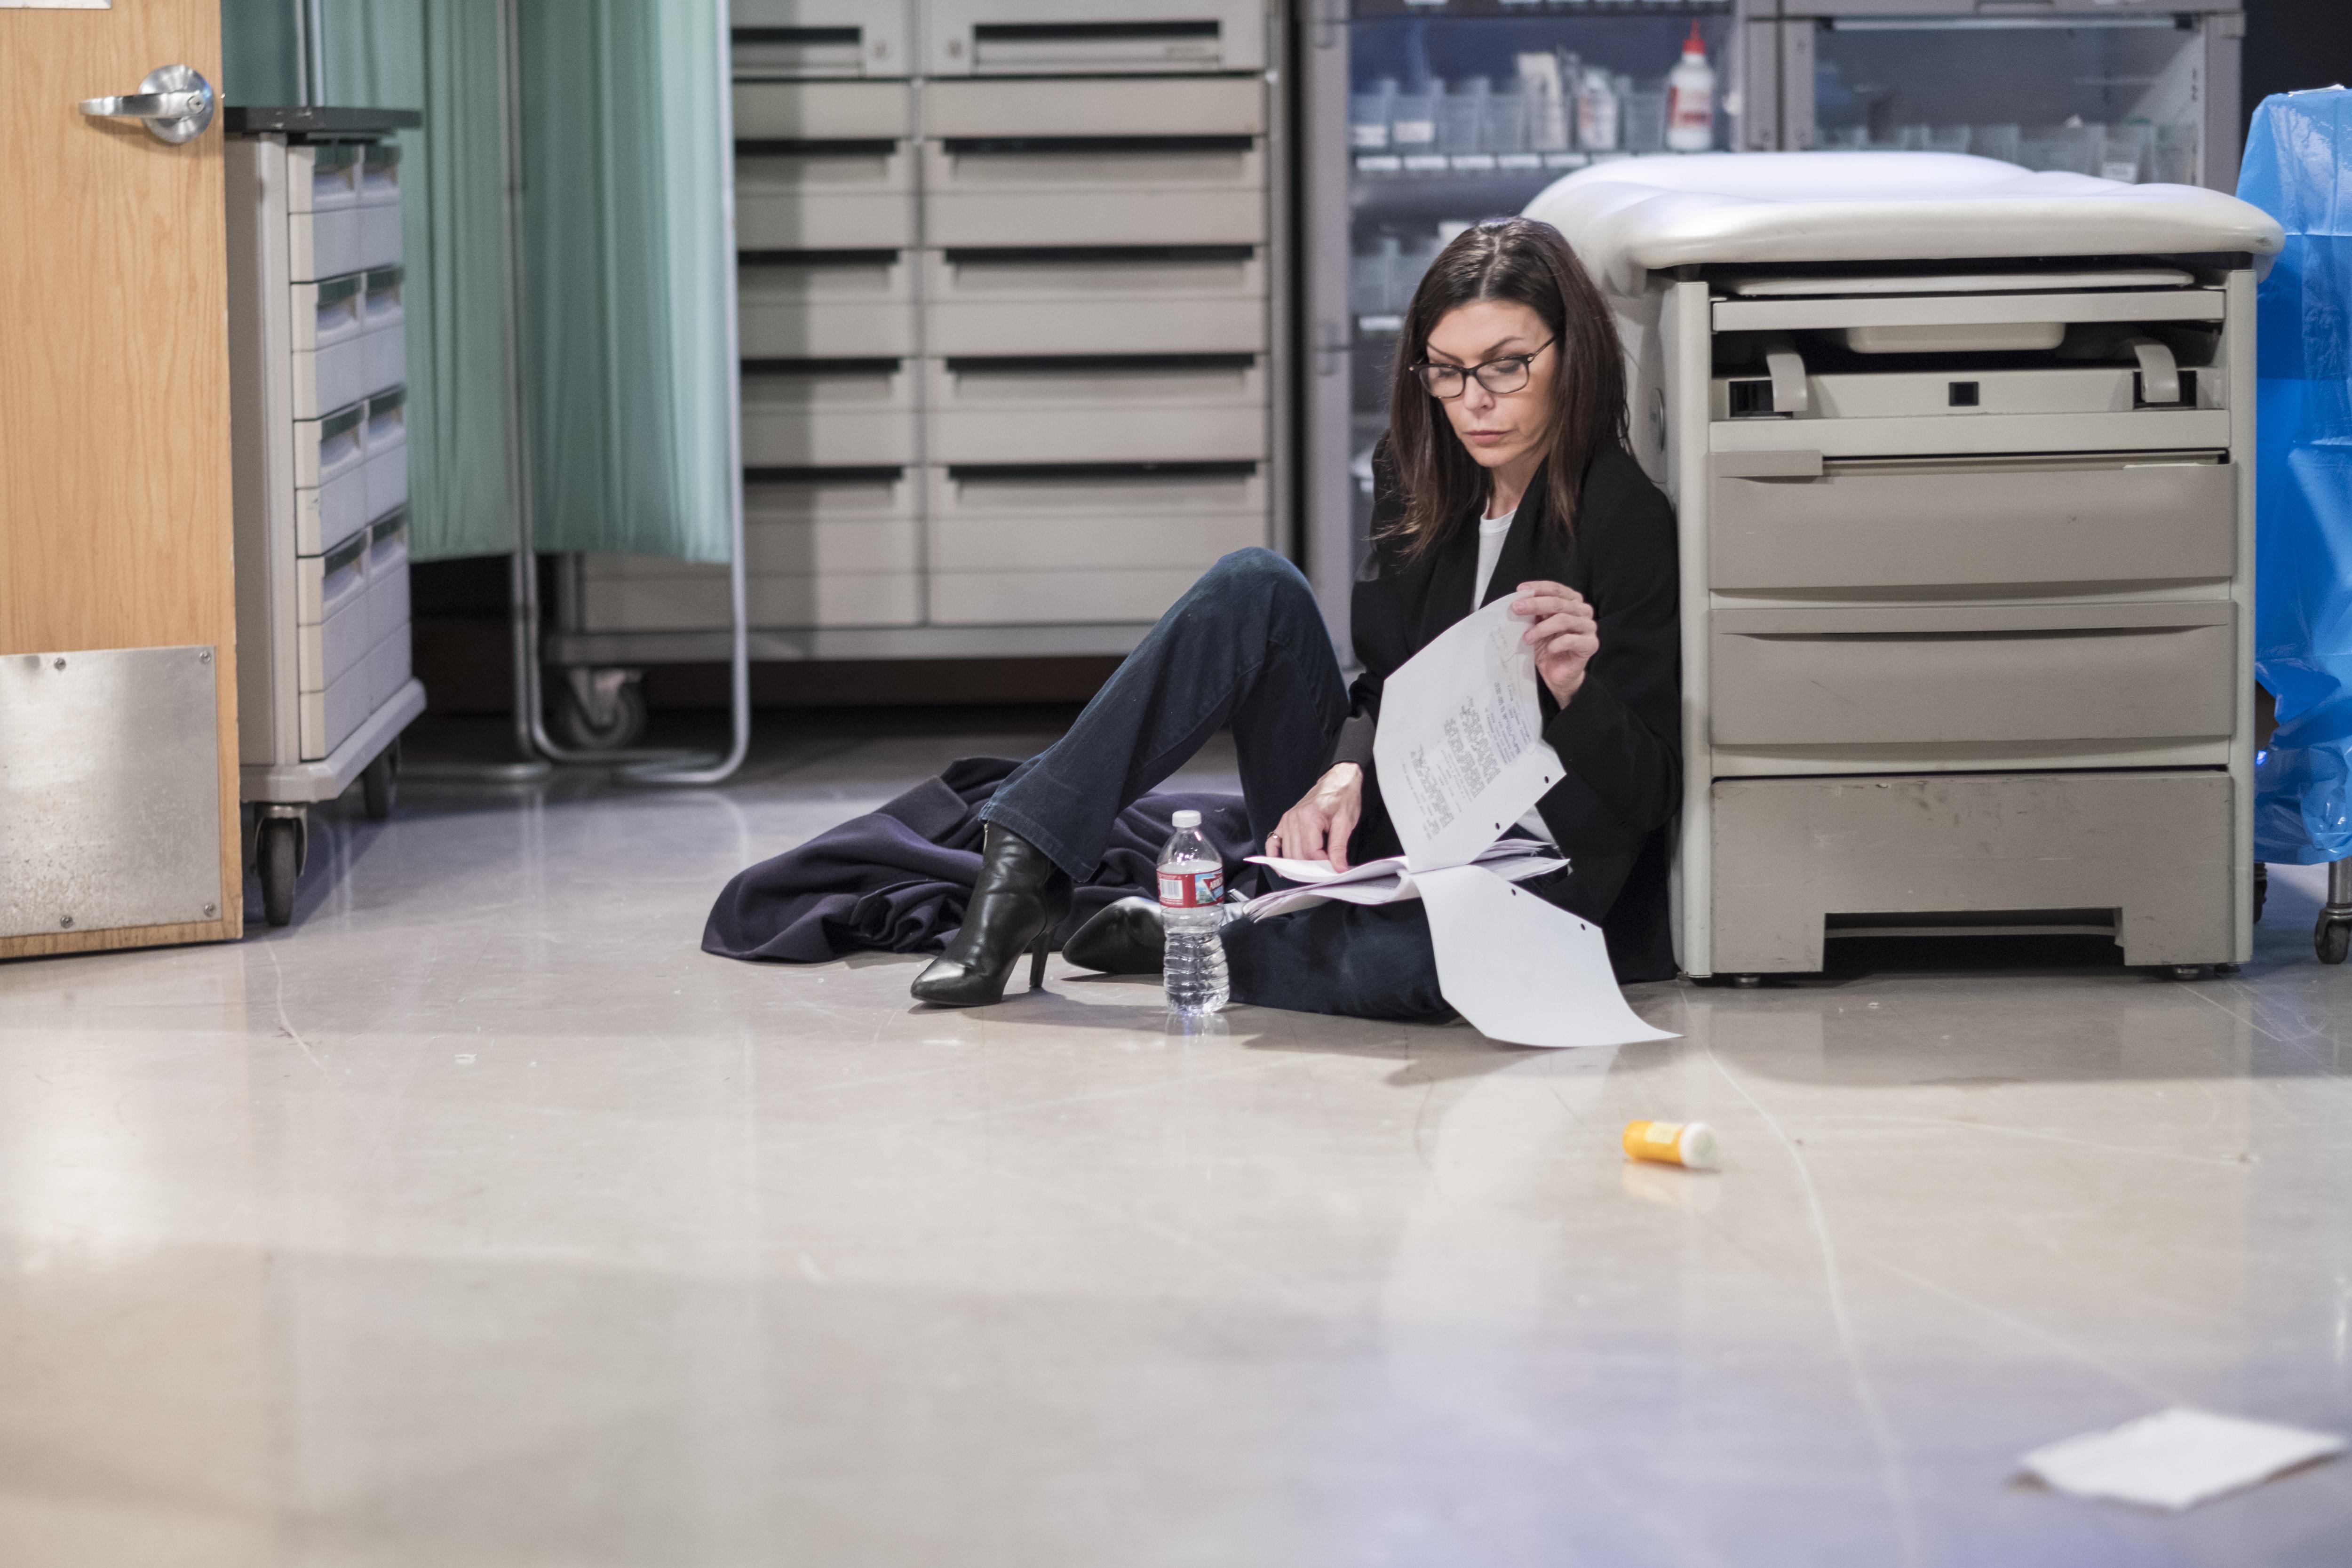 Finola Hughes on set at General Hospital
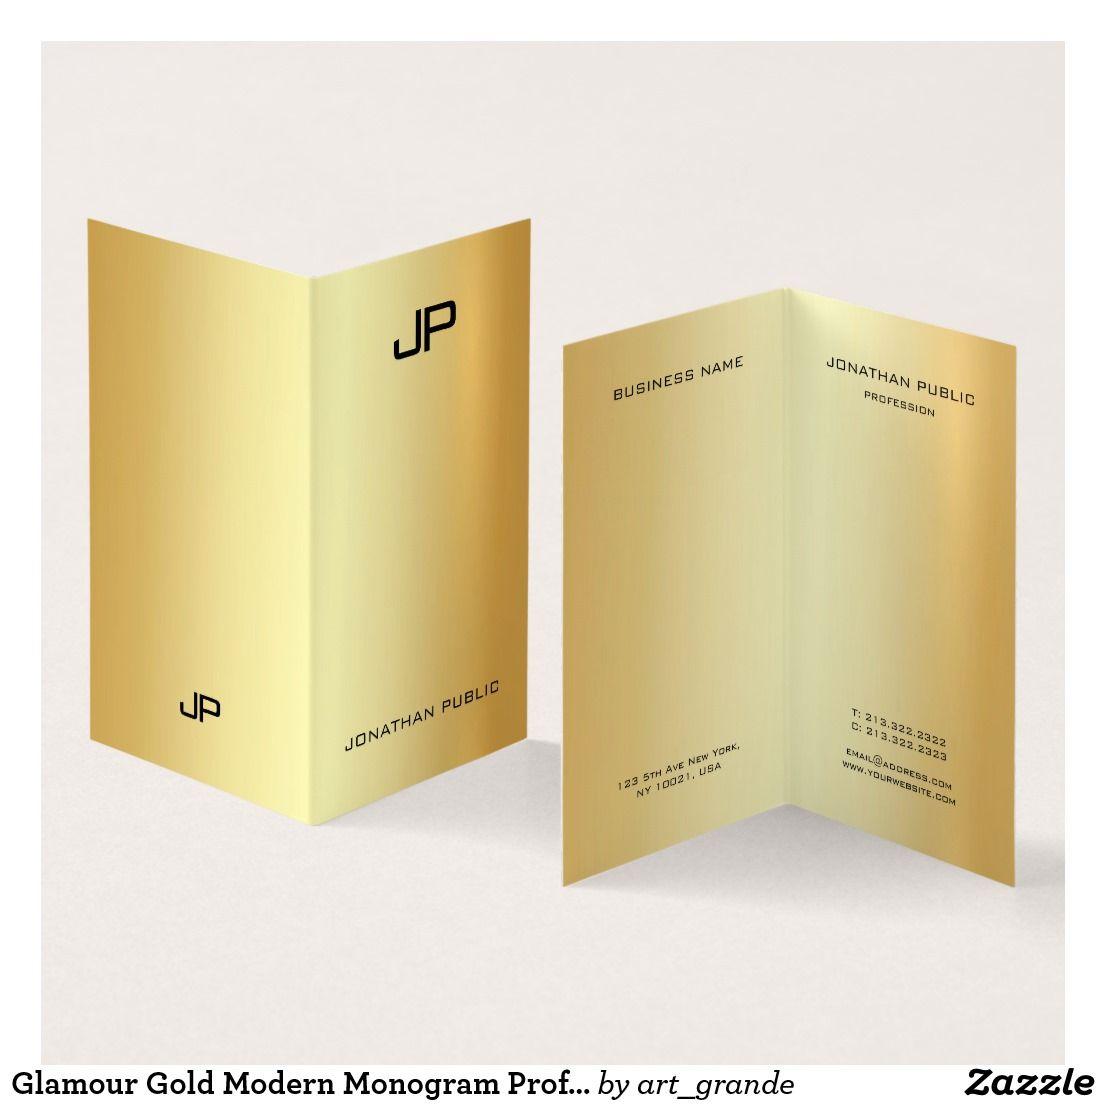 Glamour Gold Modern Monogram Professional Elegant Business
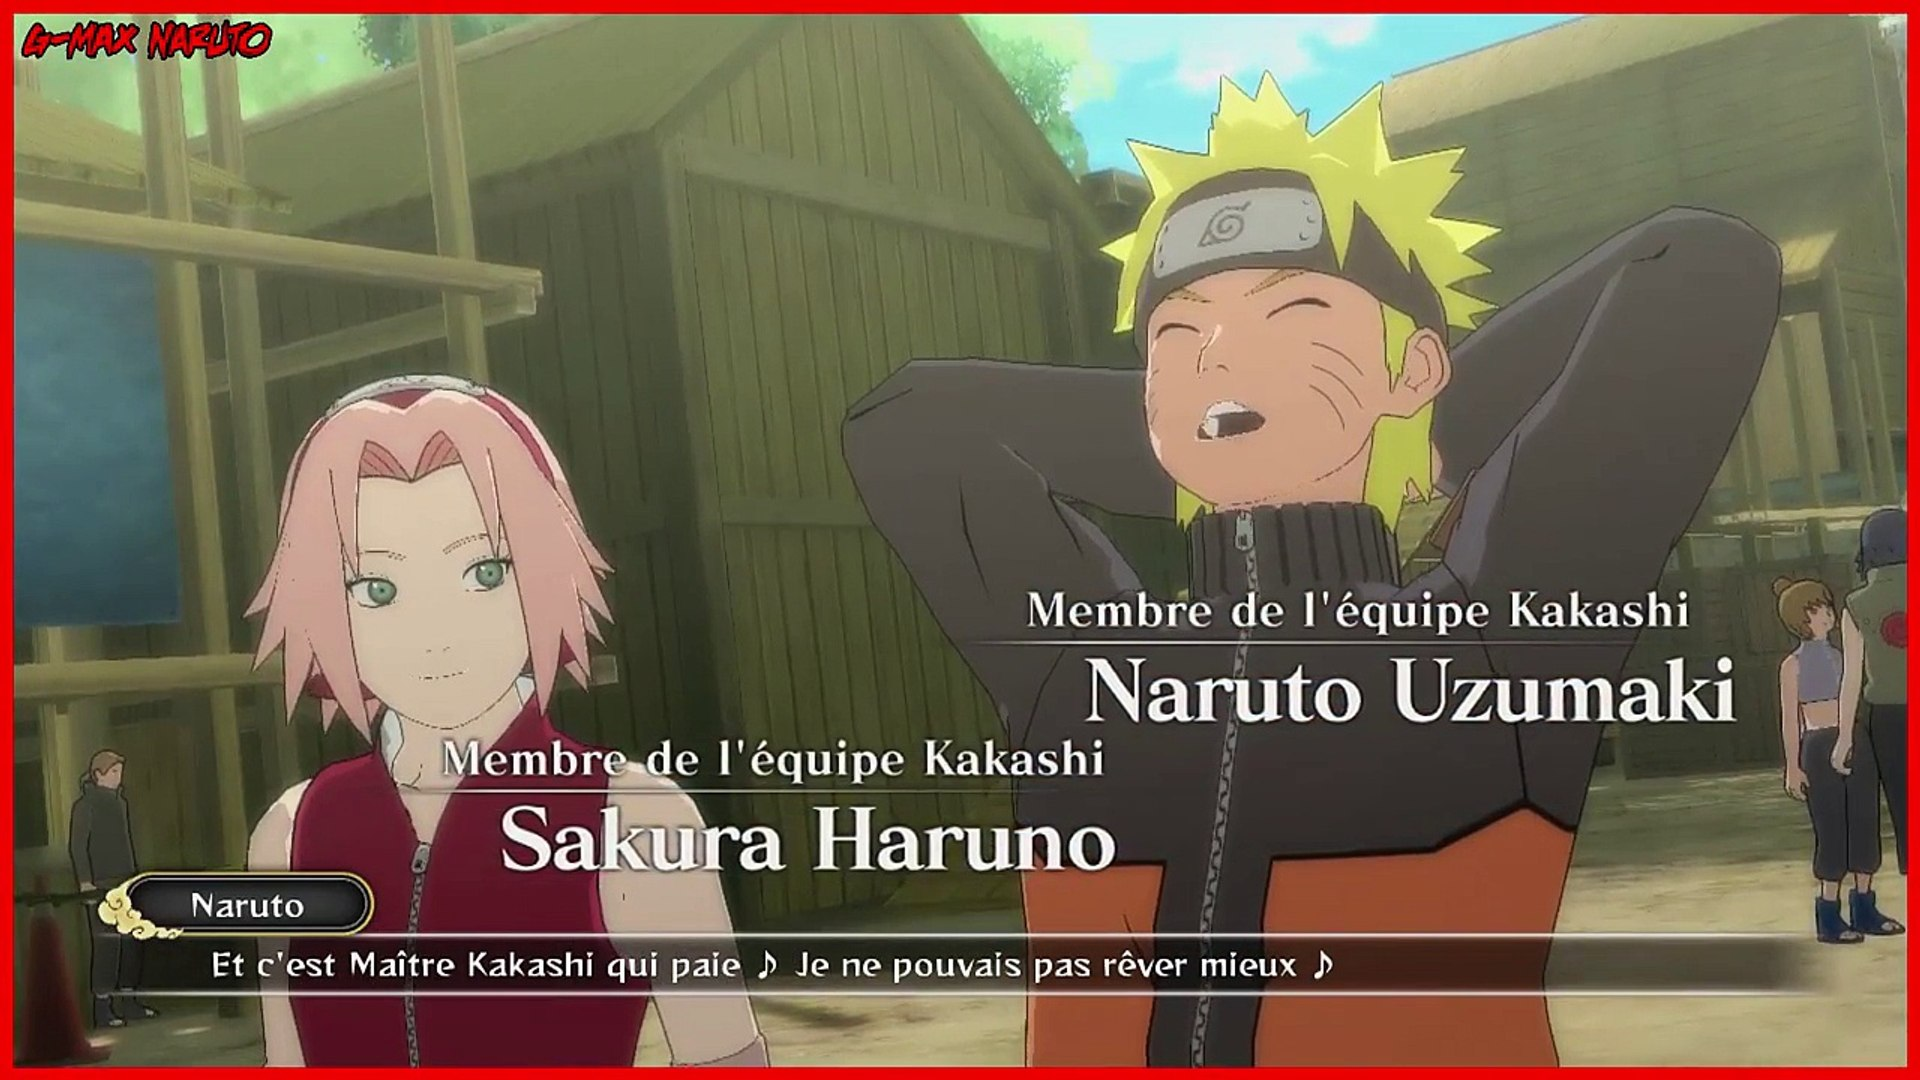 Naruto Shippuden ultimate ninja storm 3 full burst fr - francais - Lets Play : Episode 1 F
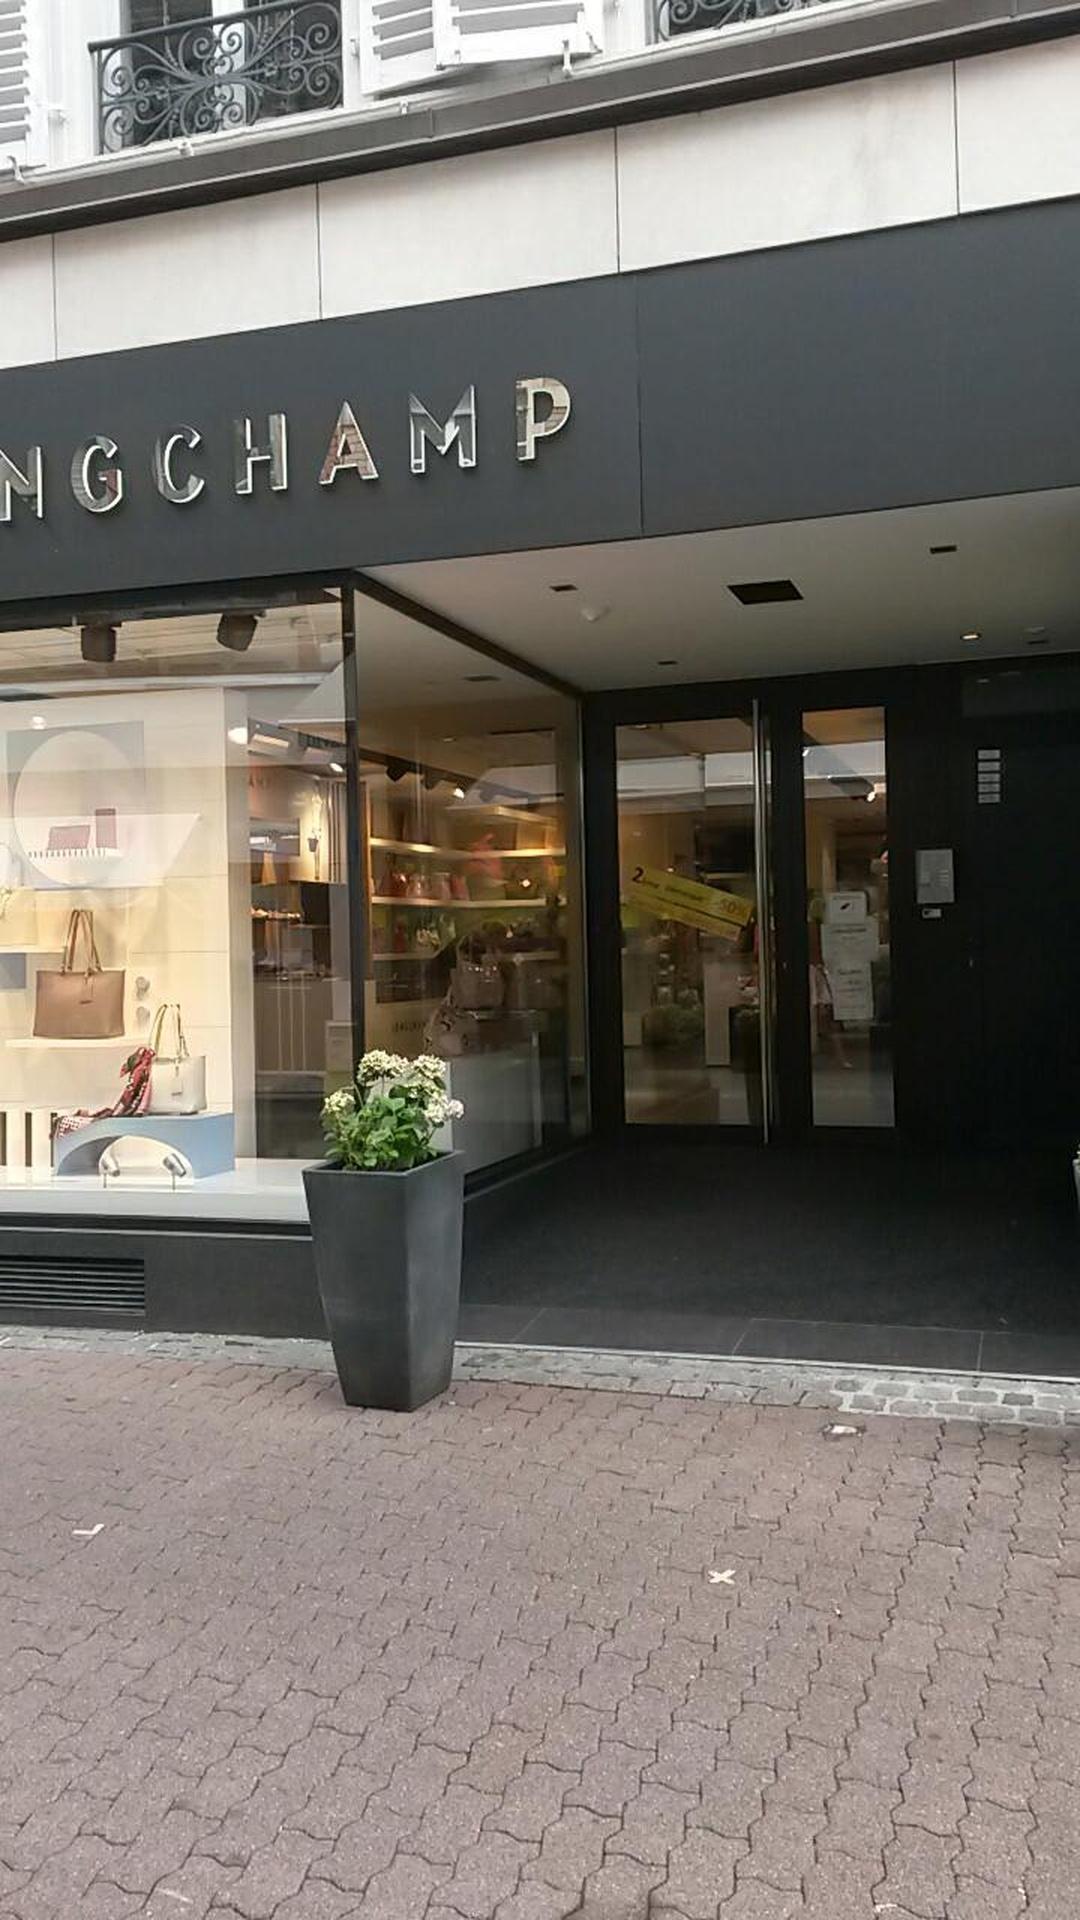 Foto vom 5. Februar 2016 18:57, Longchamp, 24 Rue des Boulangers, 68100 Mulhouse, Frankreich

* Work required *
Images are to be skipped, and each line above is to be returned exactly.

* Solution for this problem *
 Finola Hughes on set at General Hospital
 Glamour Gold Modern Monogram Professional Elegant Business
 Naruto Shippuden ultimate ninja storm 3 full burst fr - francais - Lets Play : Episode 1 F
 Foto vom 5. Februar 2016 18:57, Longchamp, 24 Rue des Boulangers, 68100 Mulhouse, Frankreich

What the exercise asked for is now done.